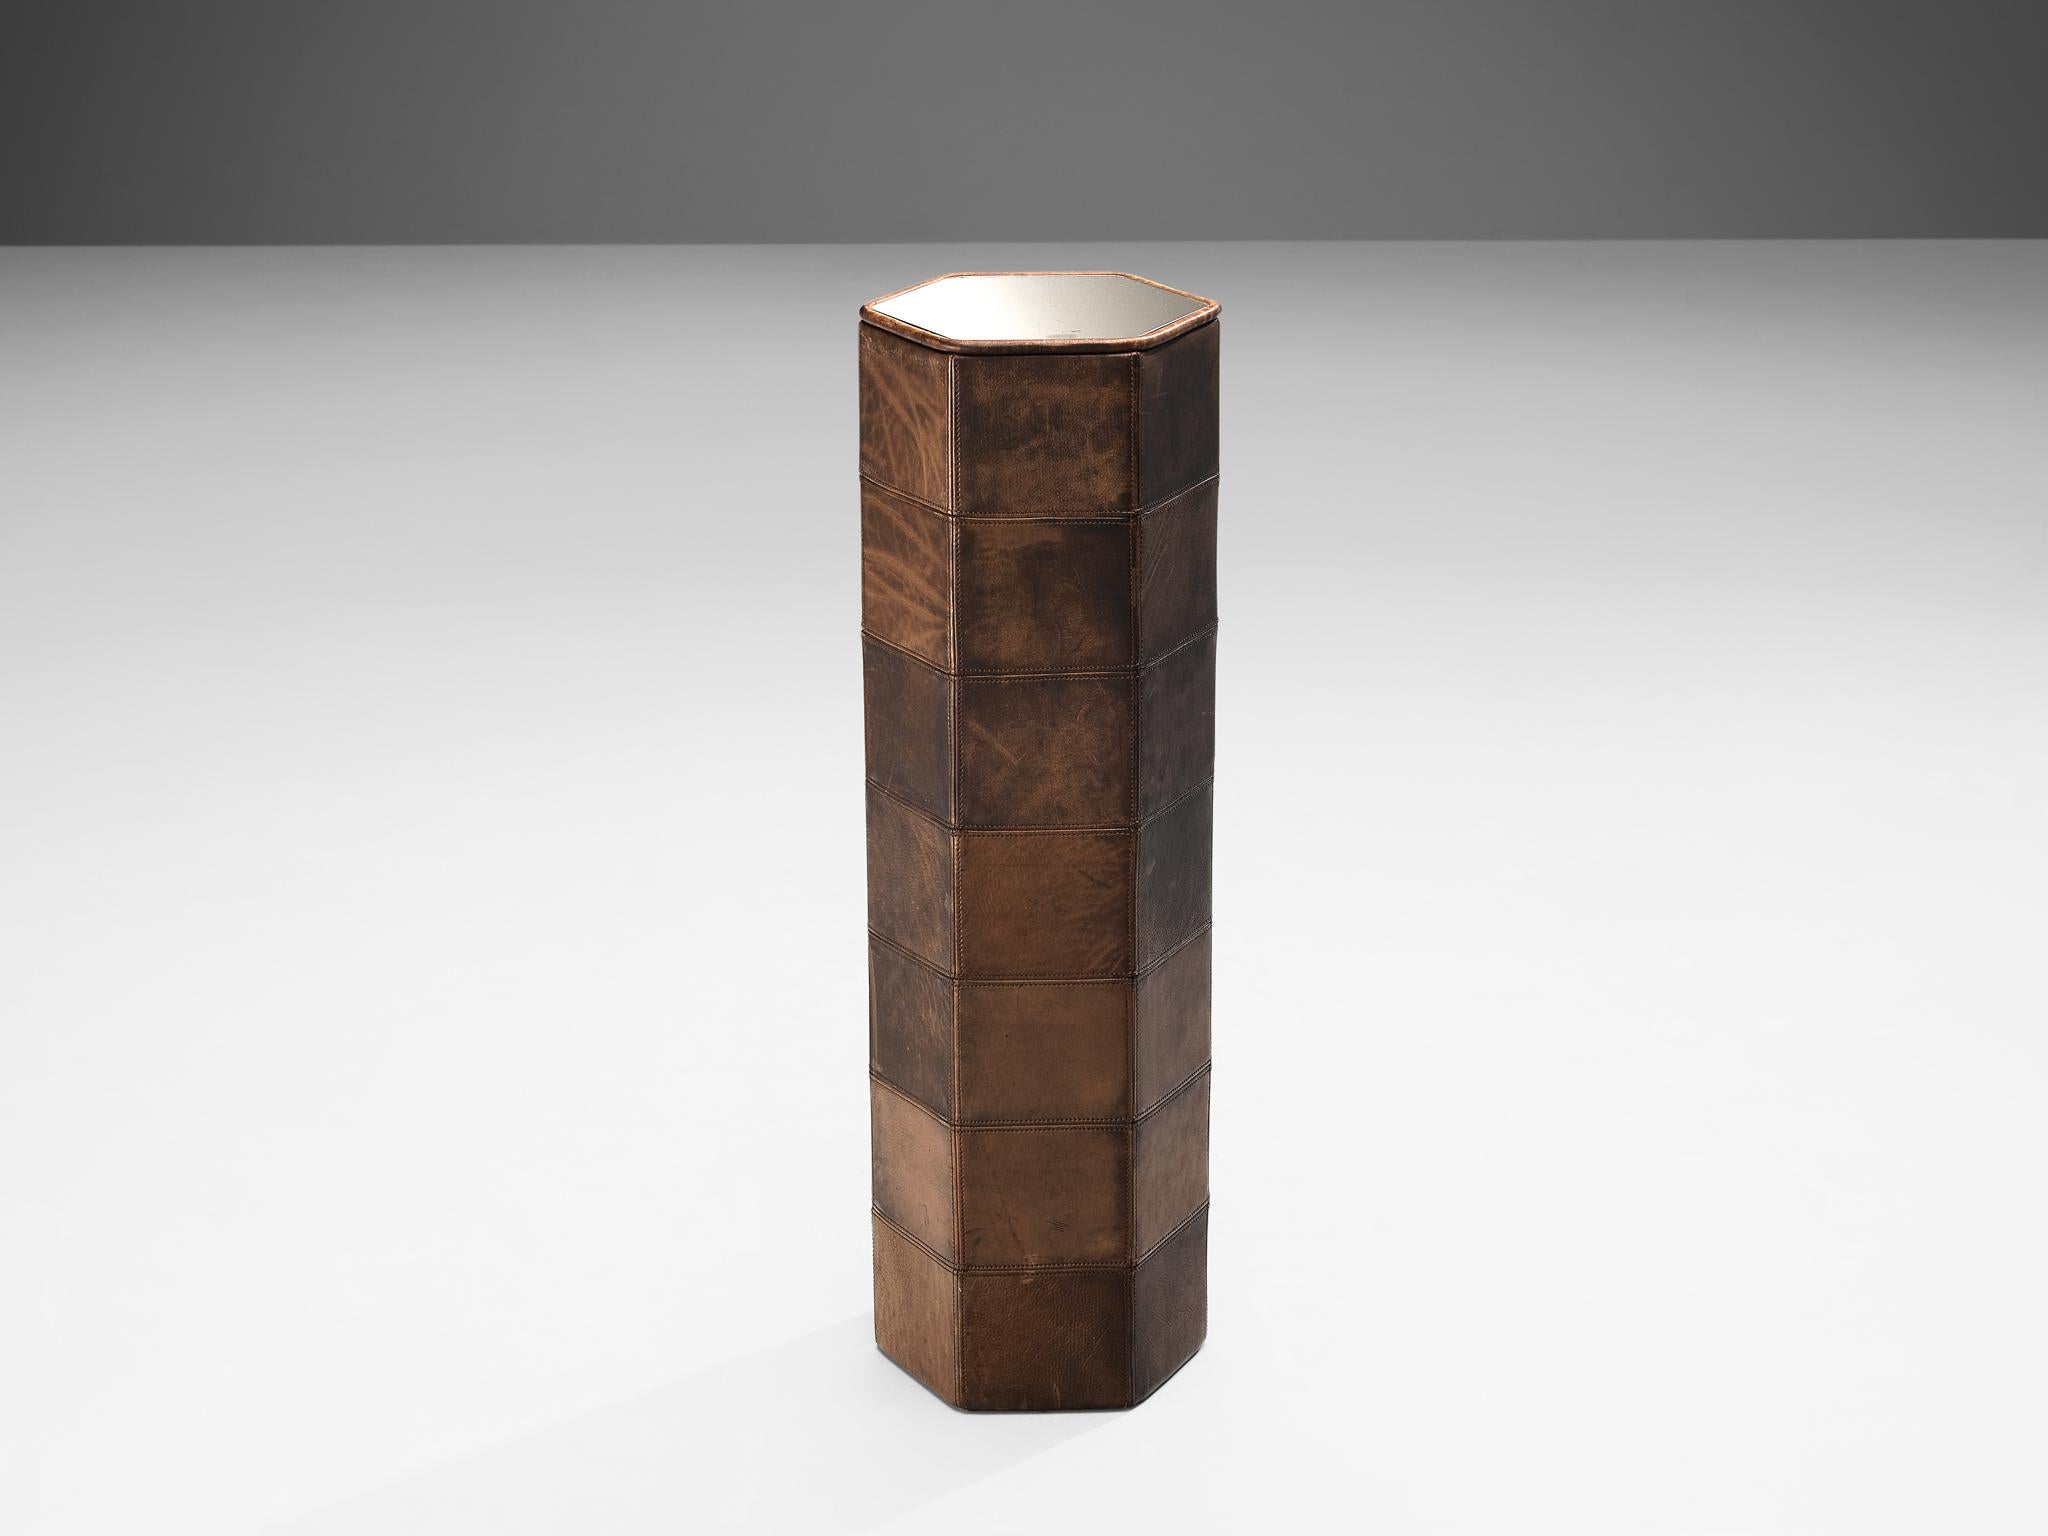 Column or side table, leather, mirror, Europe, 1980s

Decorative column made in patchwork leather and mirrored top. This piece was made in Europe in the 1980s, and shows post modern characteristics. The leather used to wrap the column is in brown
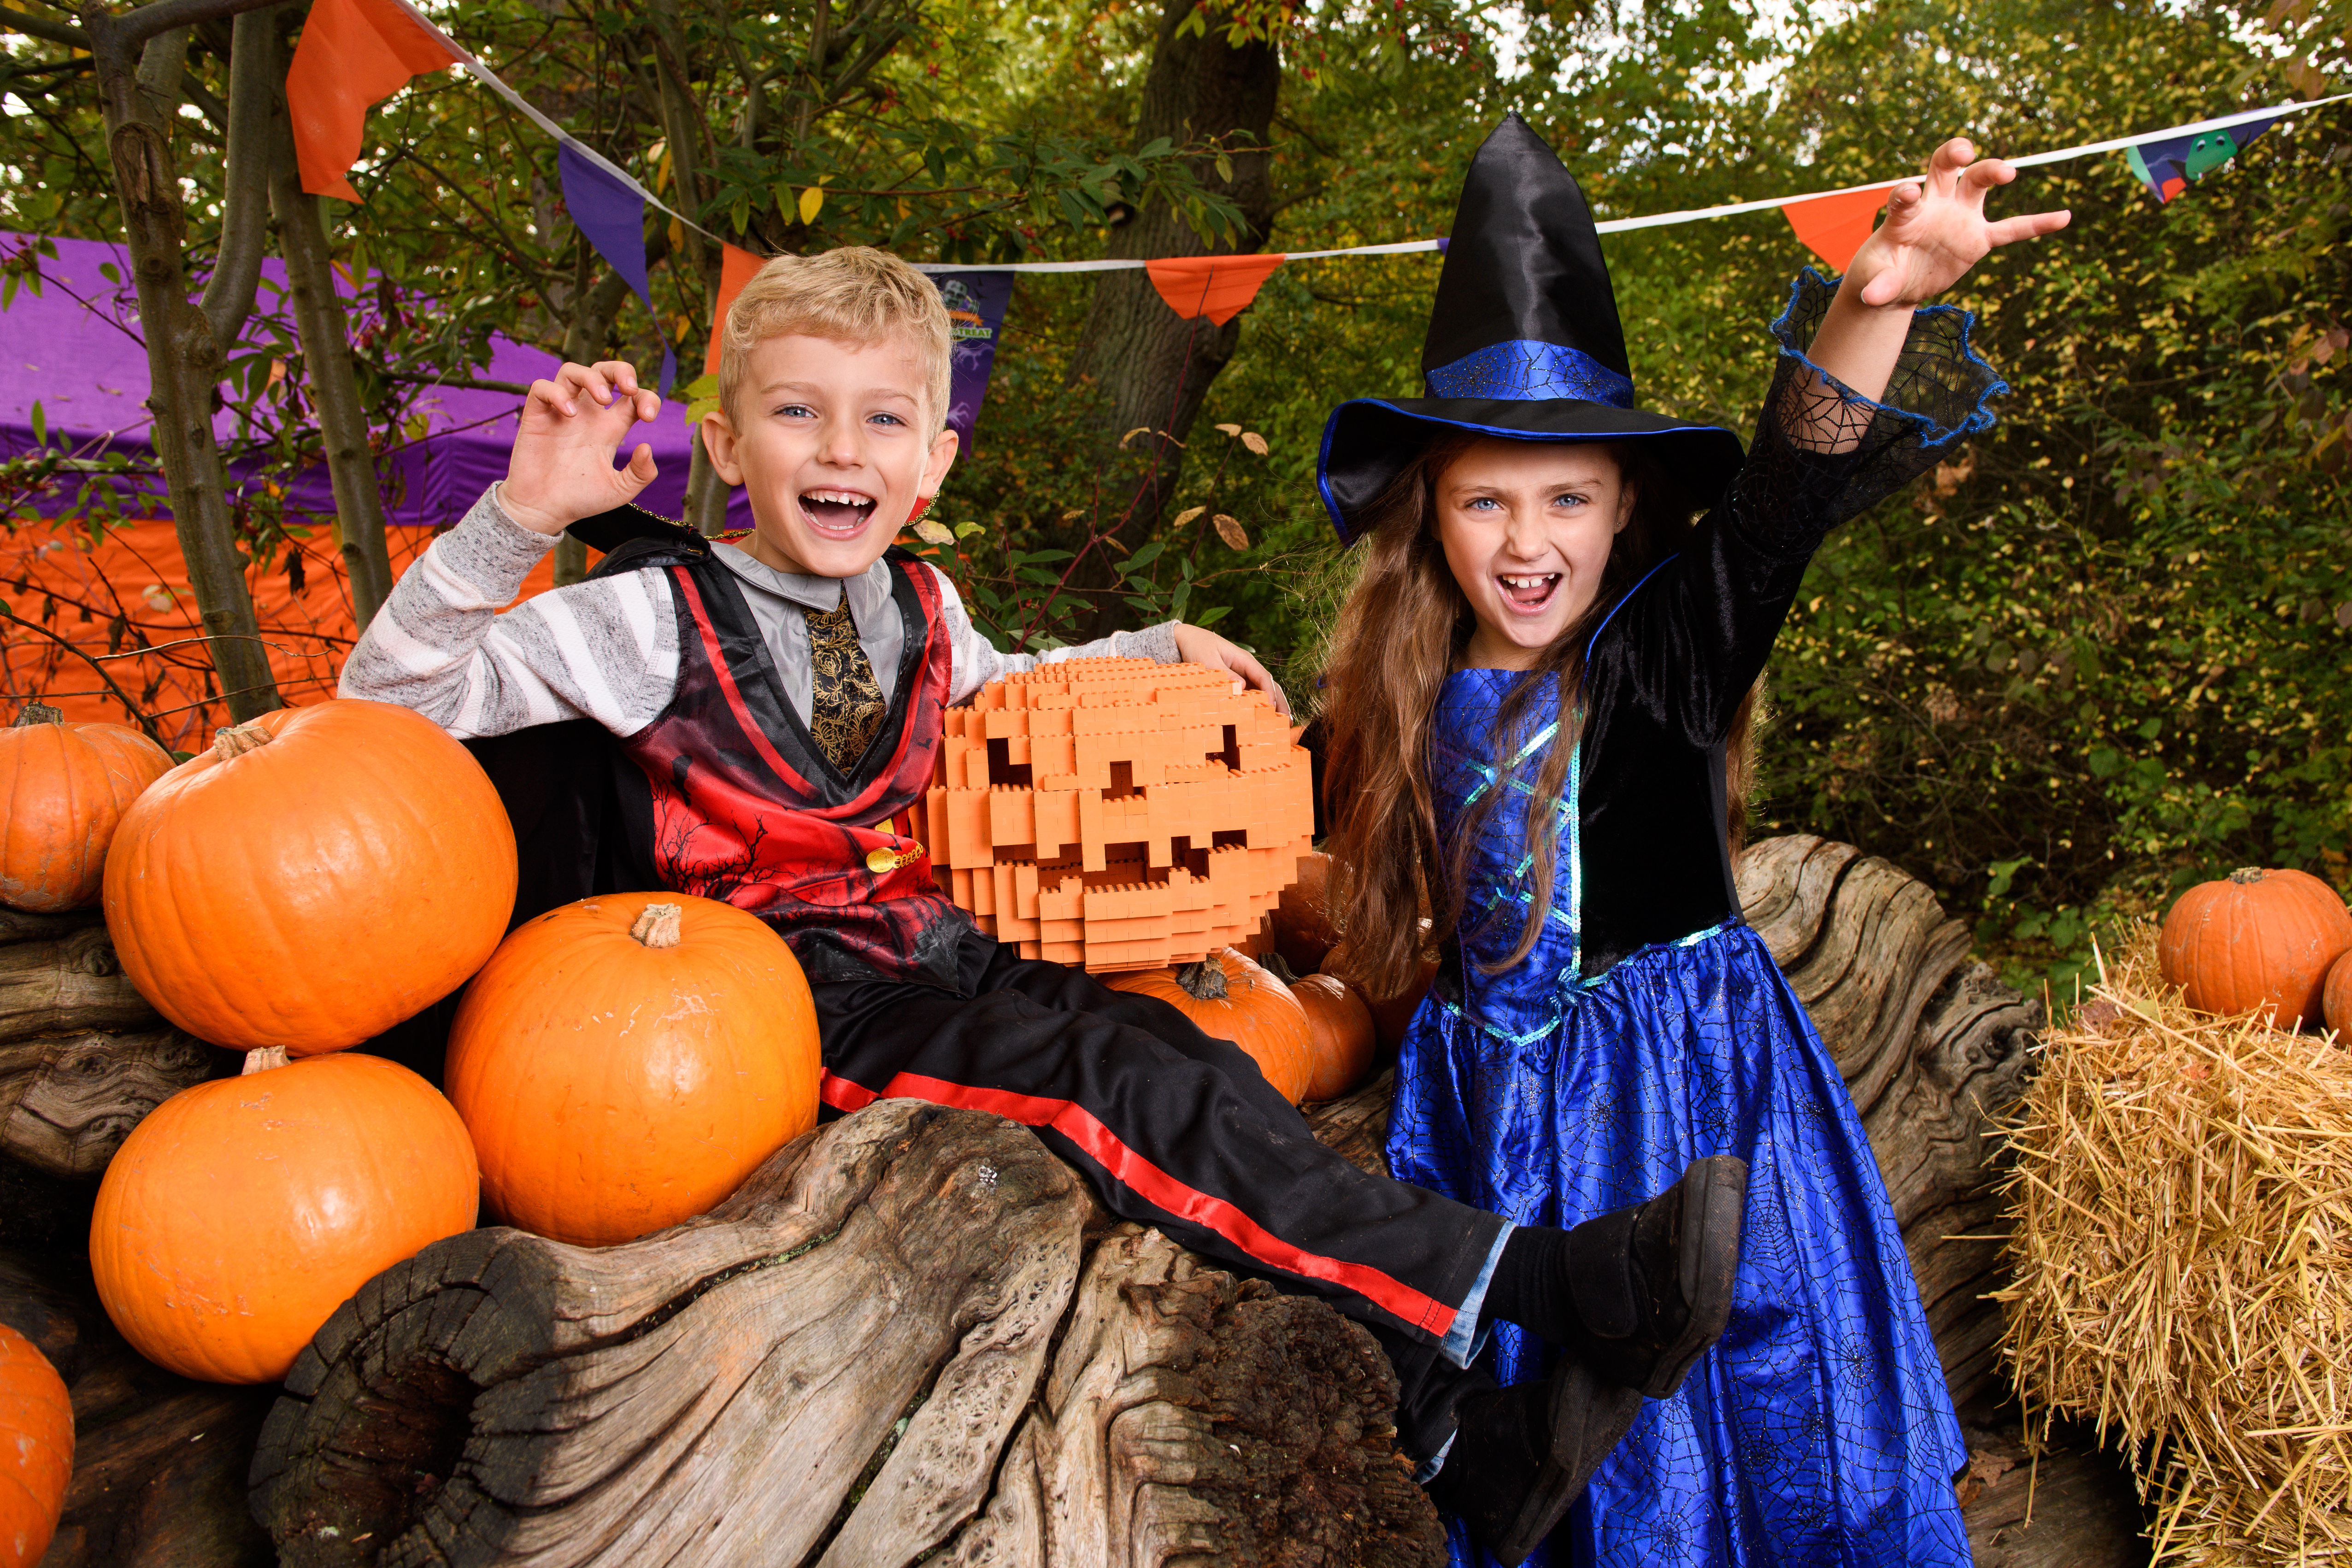 Children in Halloween costumes with LEGO pumpkin in the Enchanted Forest pumpkin patch during Brick or Treat at the LEGOLAND Windsor Resort
======
[Aim of the task]: Put down exactly the lines of the data above that run from its first line through the line bearing "Decorative column made", and no pictures.

[Answer to this problem]:
 Column or side table, leather, mirror, Europe, 1980s

Decorative column made in patchwork leather and mirrored top. This piece was made in Europe in the 1980s, and shows post modern characteristics. The leather used to wrap the column is in brown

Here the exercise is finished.